# [YOUR ASSIGNMENT]
Every line of the listing below is to be duplicated exactly, with the pictures left out.

# [MATERIAL PROVIDED]
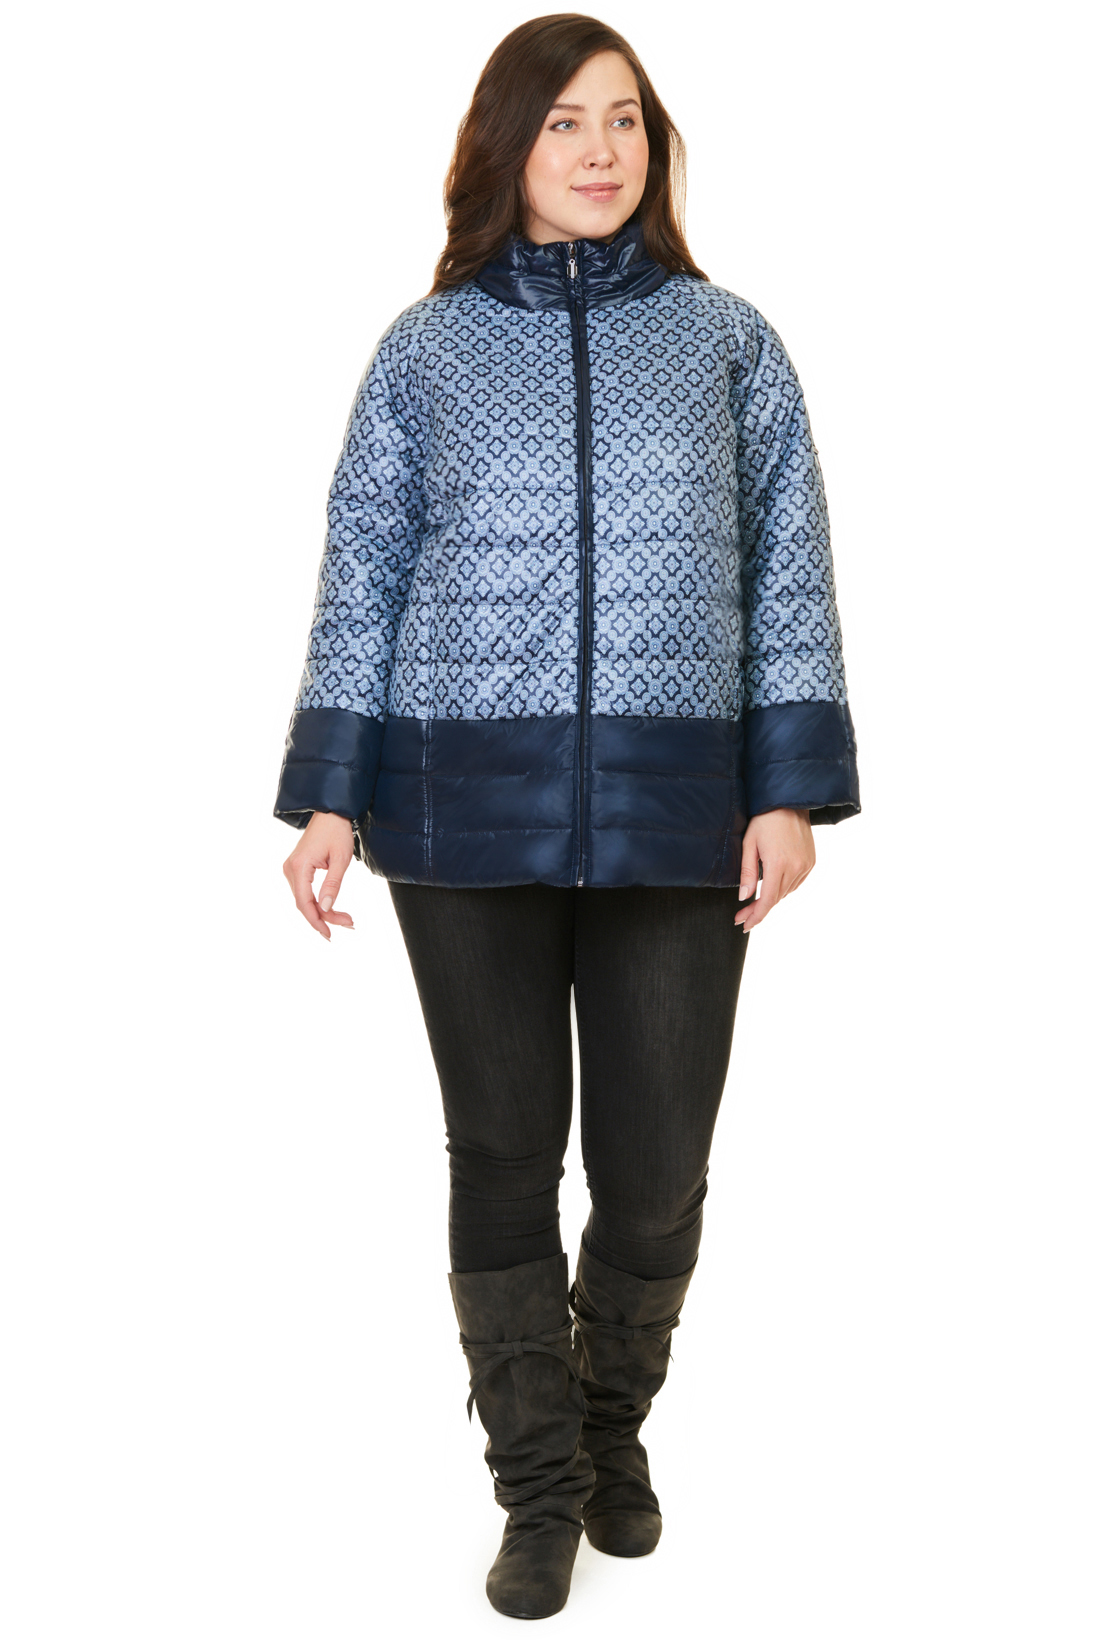 Куртка SIZE+ с орнаментом (арт. baon B037121), размер 56, цвет dark navy printed#синий Куртка SIZE+ с орнаментом (арт. baon B037121) - фото 5
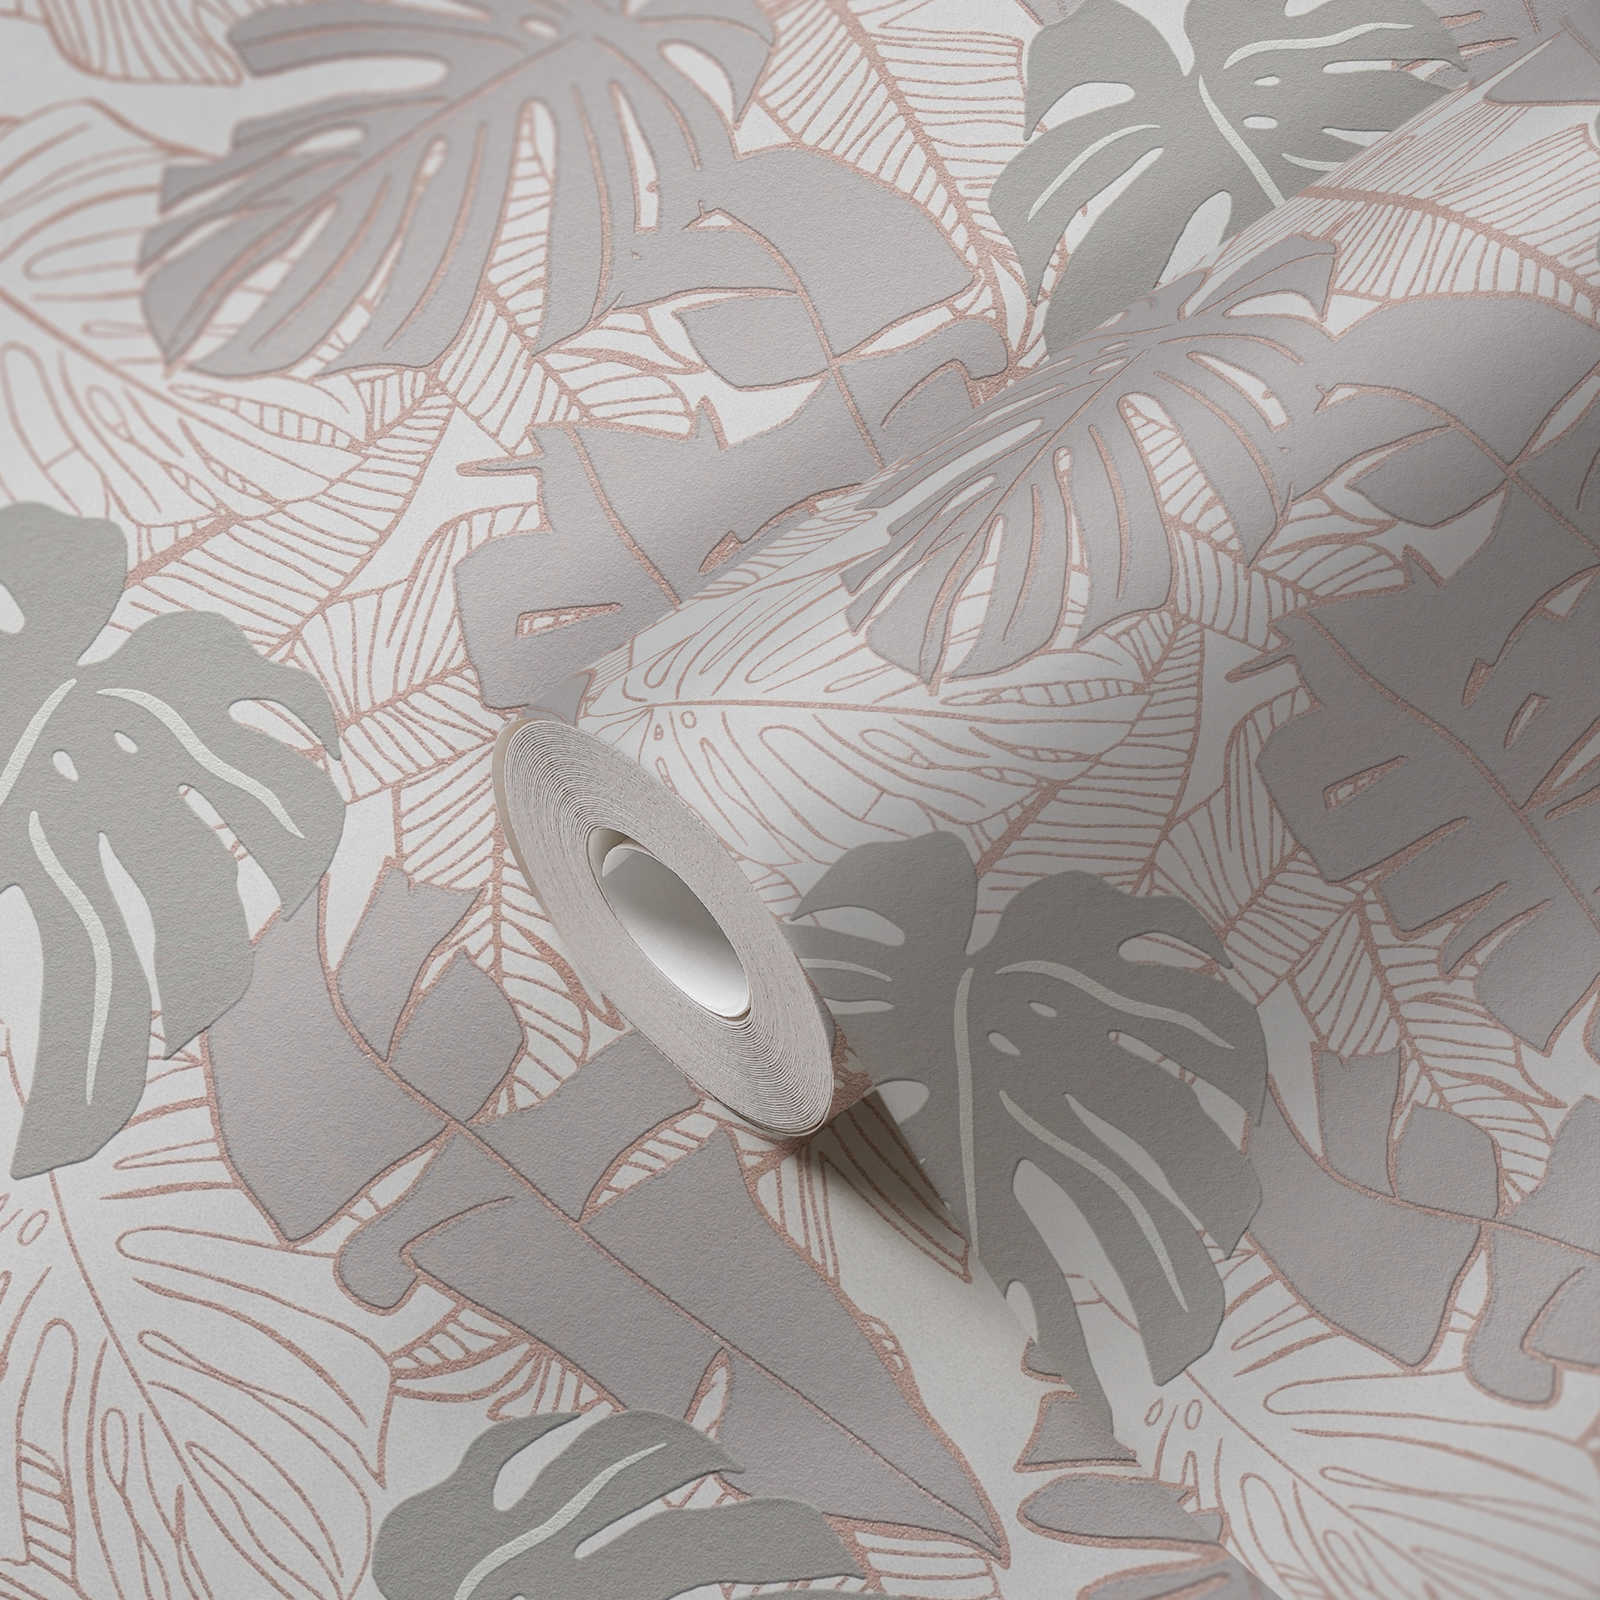             Non-woven wallpaper with banana leaves in jungle look & metallic effect - grey, metallic
        
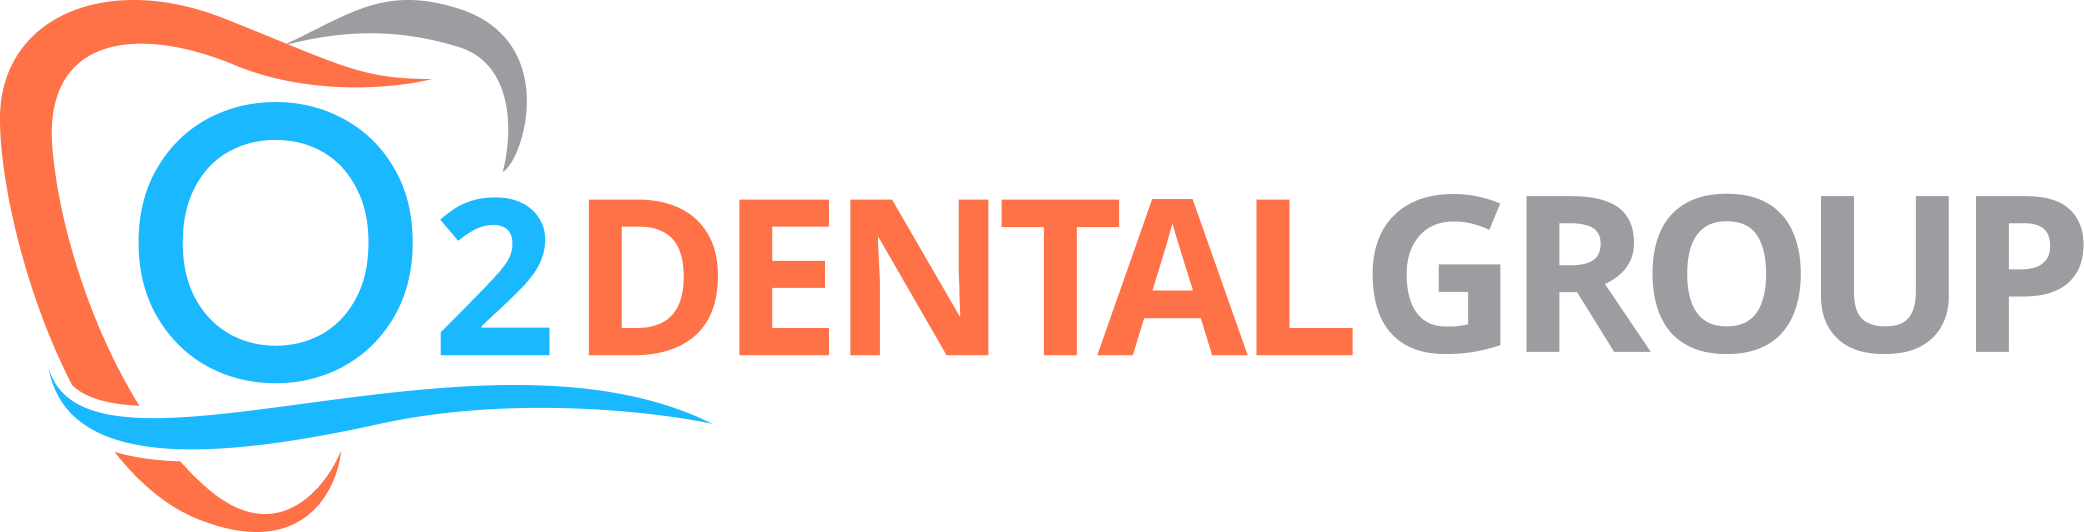 O2 Dental Group of Durham - logotipo

# [EXERCISE ANSWER]
 Куртка SIZE+ с орнаментом (арт. baon B037121), размер 56, цвет dark navy printed#синий Куртка SIZE+ с орнаментом (арт. baon B037121) - фото 5
             Non-woven wallpaper with banana leaves in jungle look & metallic effect - grey, metallic
        
 O2 Dental Group of Durham - logotipo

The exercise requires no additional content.